28I therefore consider that for a given reason, perhaps marginal, the pontiffs were asked to define –or redefine– certain elements of the Sacra Argeorum, and recalled briefly all the stations of the procession on this occasion. Georg Wissowa and Georg Rohde imagined that Varro’s document concerned the very birth of the ritual. It is possible, but not necessary. The decrees of the pontiffs were often formulated only when new problems or circumstances had to be taken into account; in the absence of other evidence, the “late” date of the Varronian document does not prove that the custom itself is not anterior.
29In any case, the parallel provided by the Commentarium of the Secular Games of 204 seems to support the hypothesis that this list comes from priestly records rather than from a general commentarius sacrorum Argeorum –a title invented by modern scholars. Moreover, despite its title, the document of the Secular Games of AD 204 does not offer any proof that the priestly colleges possessed commentarii classified by cults. The Commentarius of the Secular Games is, in fact, a compilation of excerpts from the annual records of the quindecemviri, which were to include many reports and decrees other than those concerning these Games.
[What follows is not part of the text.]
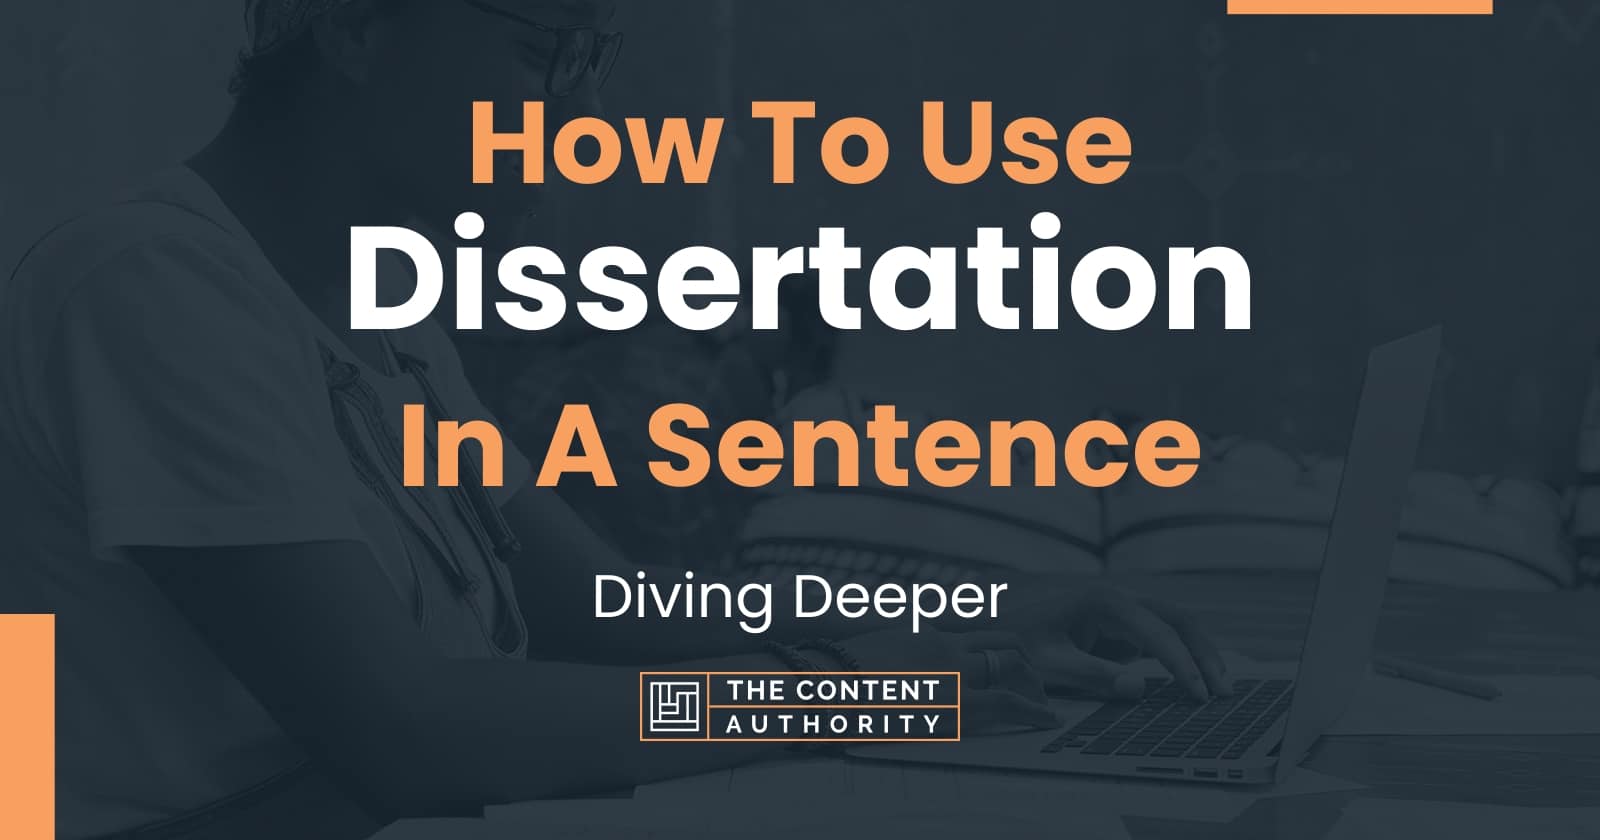 can you use dissertation in a sentence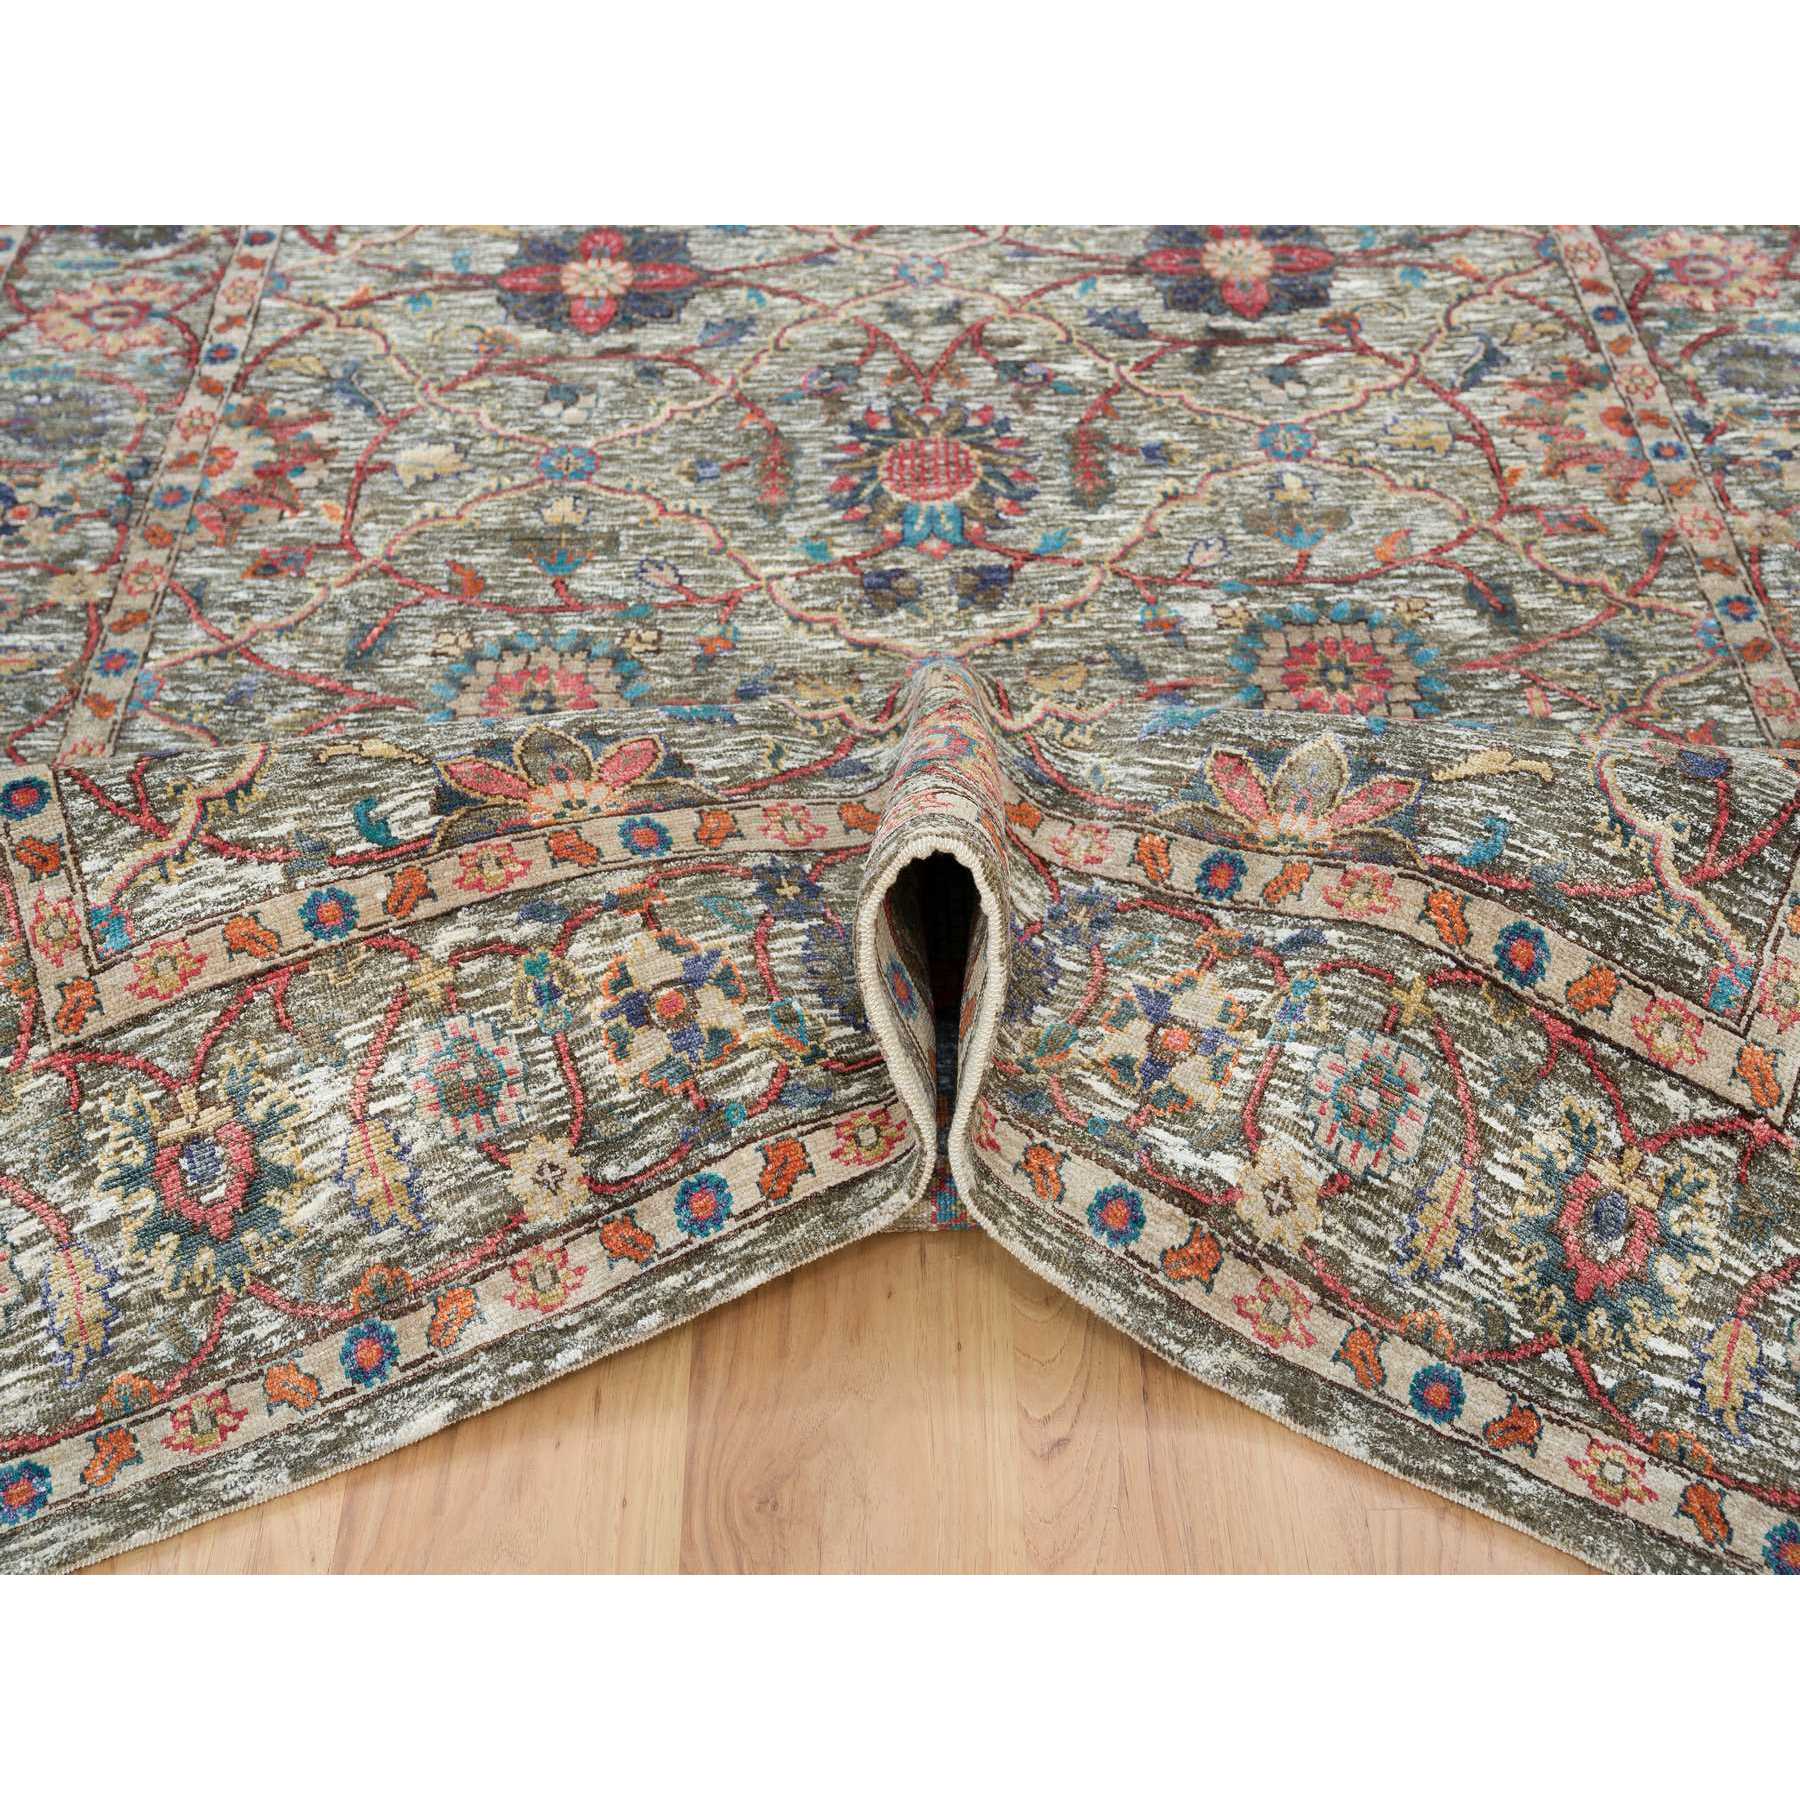  Silk Hand-Knotted Area Rug 6'4

As this was a very special holiday, the Senate prescribed the quindecemviri to compose this “commentarius” and to preserve it from destruction by transcribing it on bronze and marble. But this does not prove that the quindecemviri had isolated in their own commentarii the decrees and accounts related to the games. The testimony of the commentarii of the arvals even impel us to conclude in this sense: because the arvals apparently did not separate in their comments the commentarius of the sacrifice to Dea Dia, which represented their main obligation, from other decisions and descriptions, or legal documents received by the college. Finally, it is obvious that the Commentarium of the Secular Games is in any case far distant from the concept of priestly book as imagined by Ambrosch and his followers.
30Accordingly, the so-called commentarius sacrorum Argeorum is a decree of the pontiffs (or decemvirs if it was related to a Sibylline oracle) concerning the foundation or a modification of the tradition, which Varro or his source could find in the acts of the Senate as well as in the books of priests, if not in a scholarly book De sacris (or sacrificiis) Argeorum, that would have already exploited the above-mentioned sources.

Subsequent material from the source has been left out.